[DATASET EXCERPT]

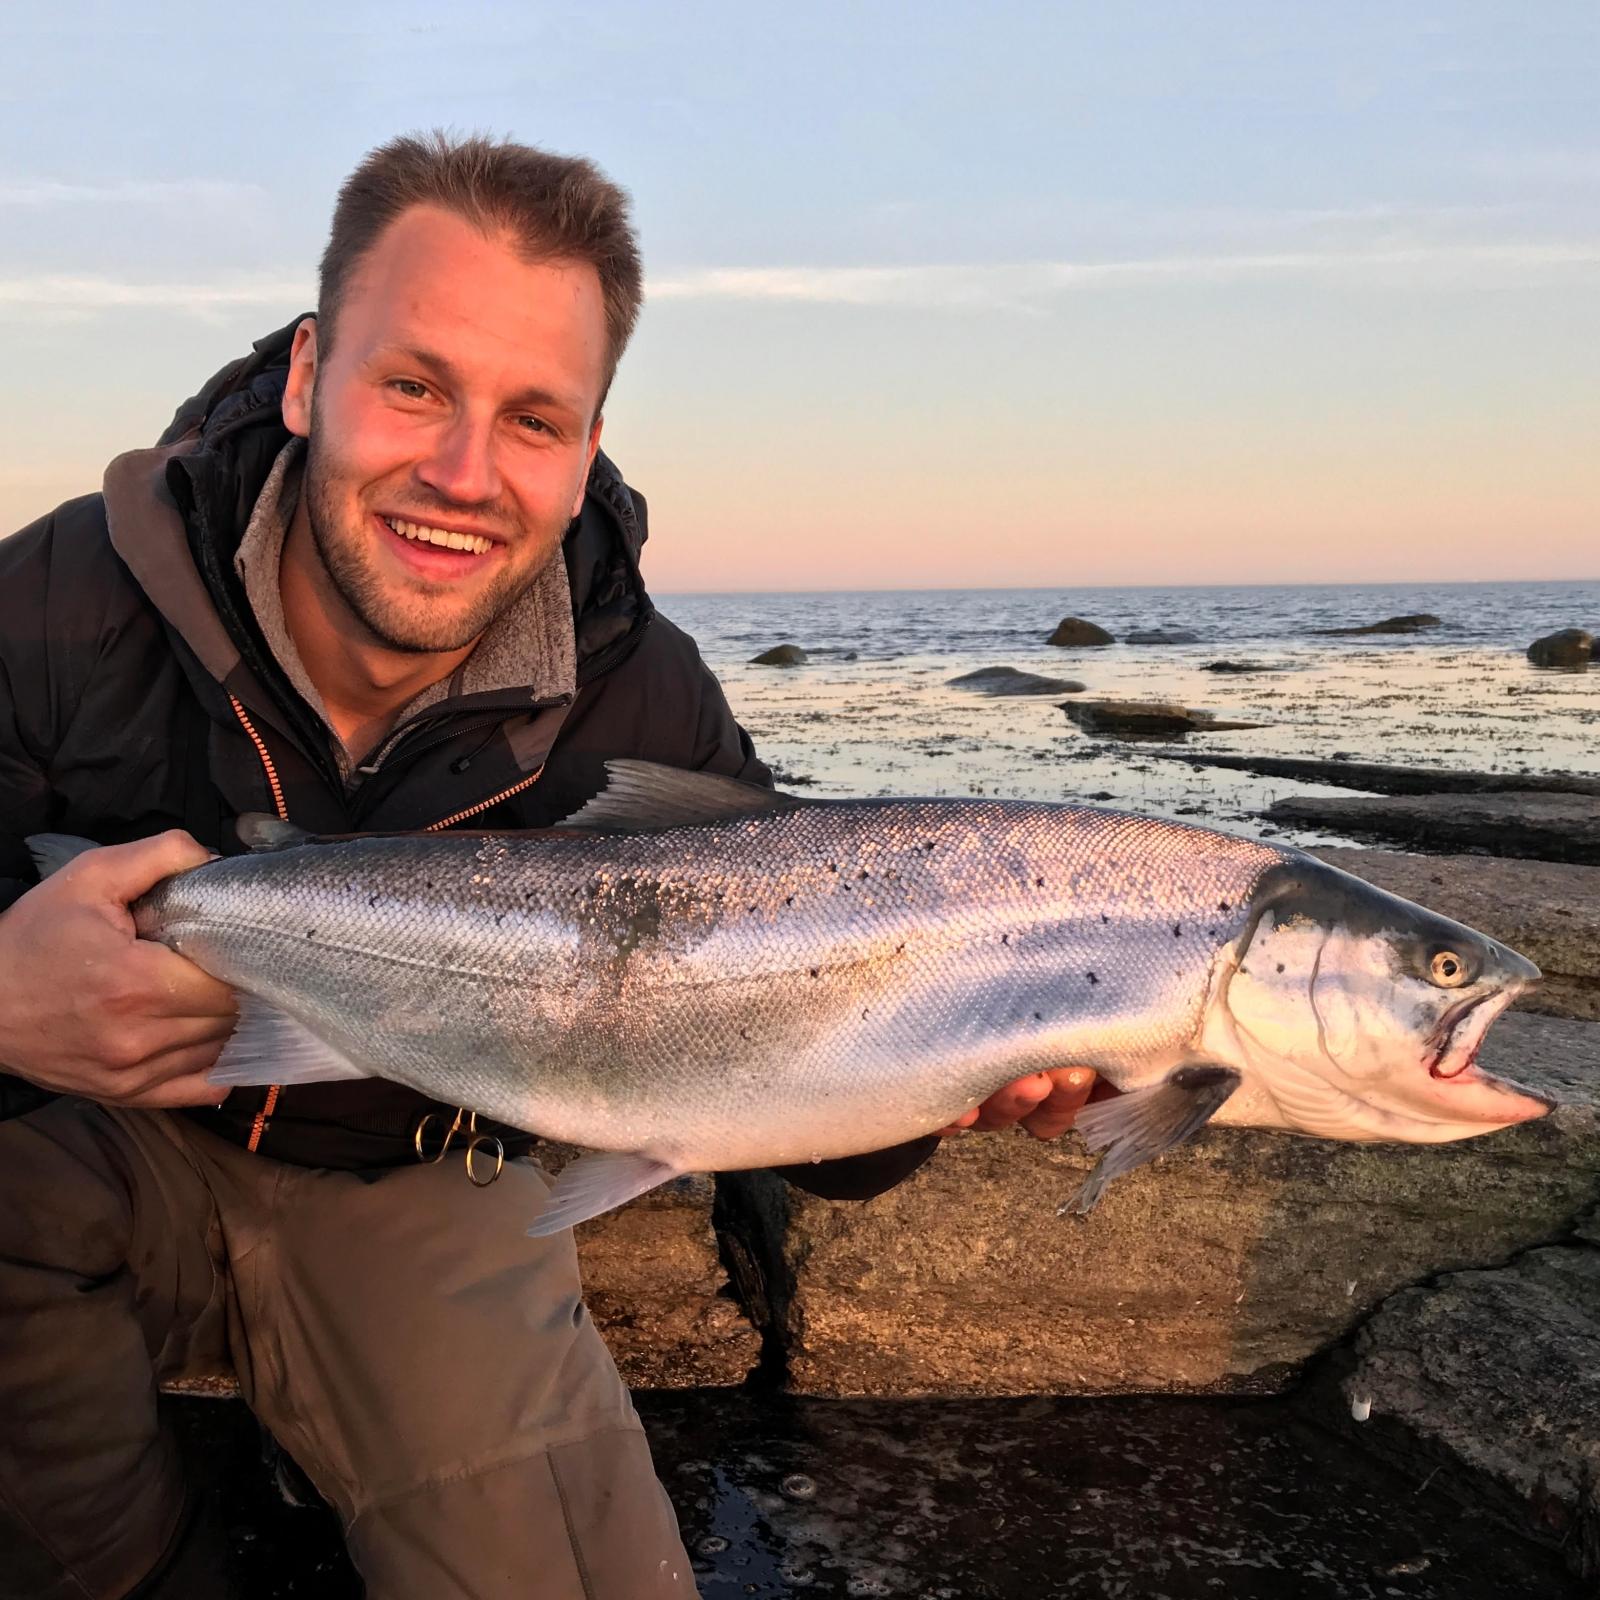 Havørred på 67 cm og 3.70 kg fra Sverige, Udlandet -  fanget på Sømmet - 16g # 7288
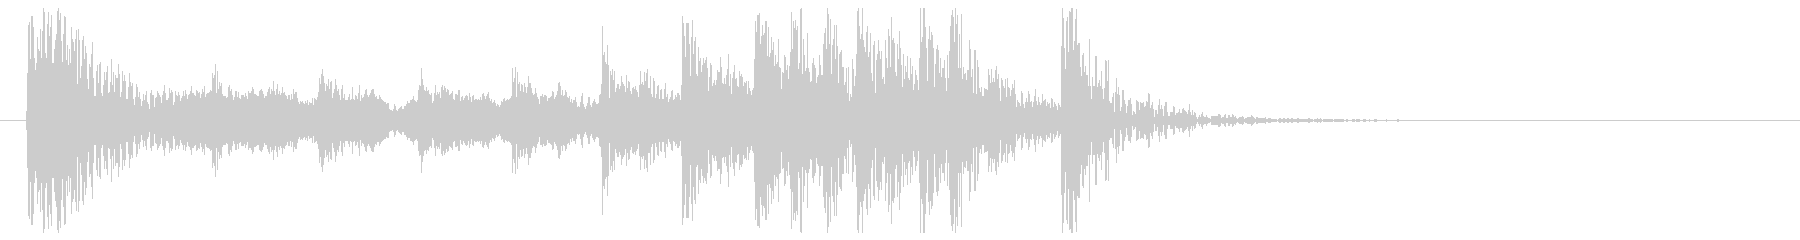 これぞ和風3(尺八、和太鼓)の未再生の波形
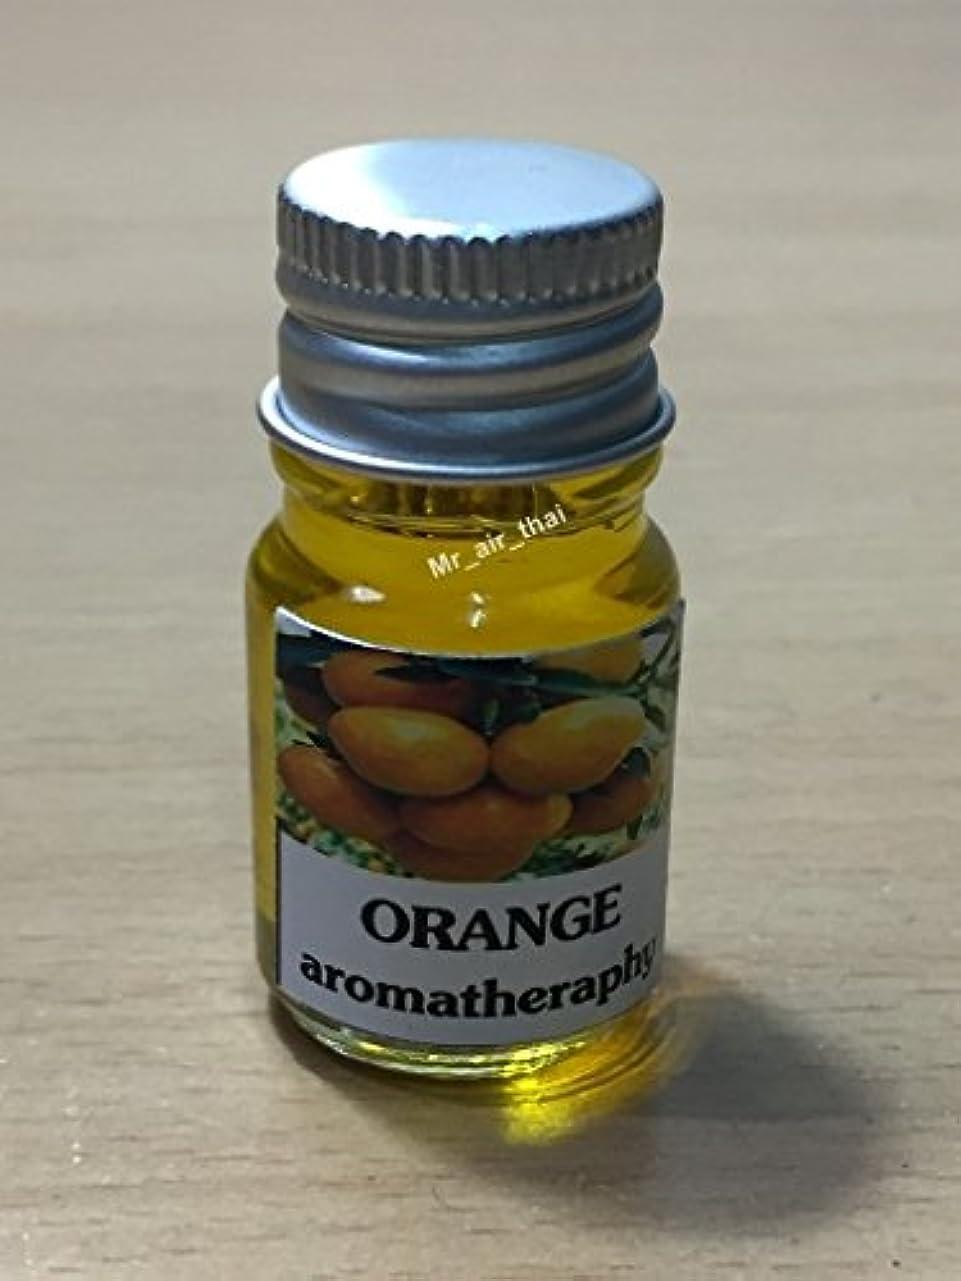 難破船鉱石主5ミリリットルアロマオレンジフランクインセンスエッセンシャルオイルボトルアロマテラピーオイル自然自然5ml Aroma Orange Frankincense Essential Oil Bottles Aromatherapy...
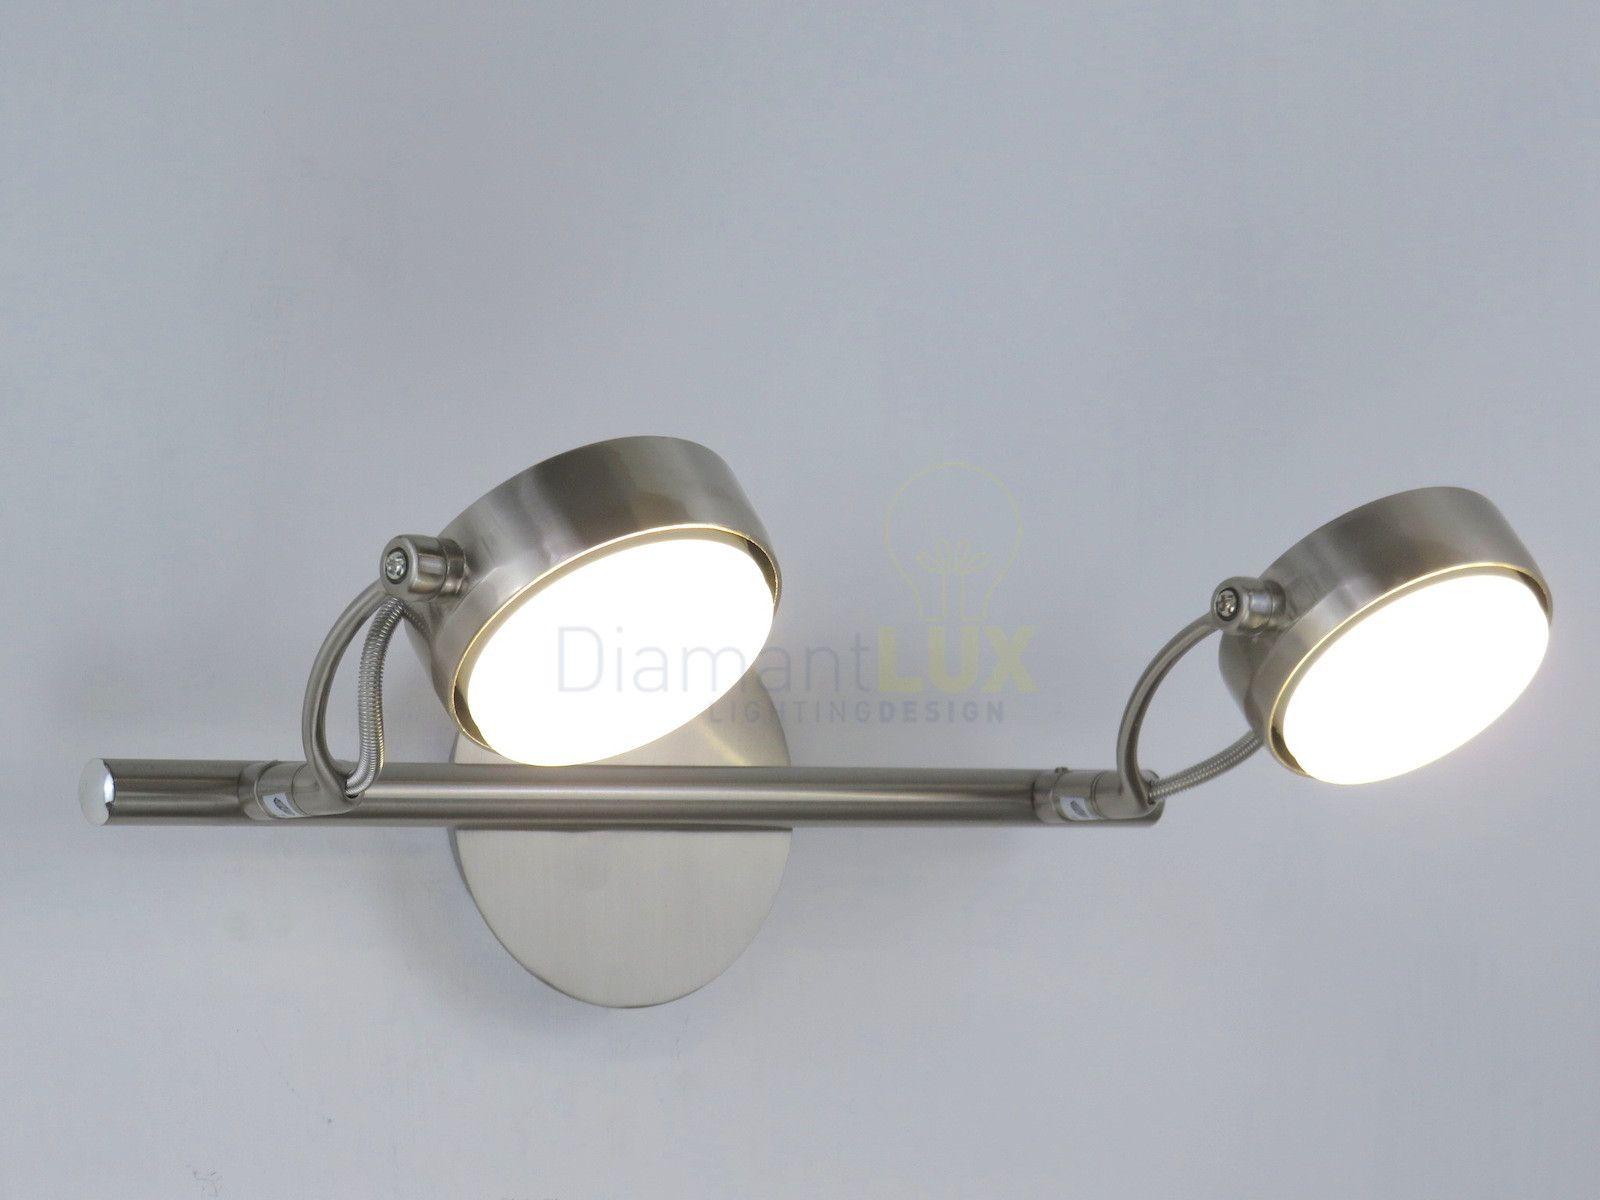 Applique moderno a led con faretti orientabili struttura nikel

[/DATASET EXCERPT]

- **PROBLEM DETAILS**
Where a picture appears in the material above, skip it, and print the rest exactly.

- **PROBLEM SOLUTION**
 Havørred på 67 cm og 3.70 kg fra Sverige, Udlandet -  fanget på Sømmet - 16g # 7288
 これぞ和風3(尺八、和太鼓)の未再生の波形
 難破船鉱石主5ミリリットルアロマオレンジフランクインセンスエッセンシャルオイルボトルアロマテラピーオイル自然自然5ml Aroma Orange Frankincense Essential Oil Bottles Aromatherapy...
 Applique moderno a led con faretti orientabili struttura nikel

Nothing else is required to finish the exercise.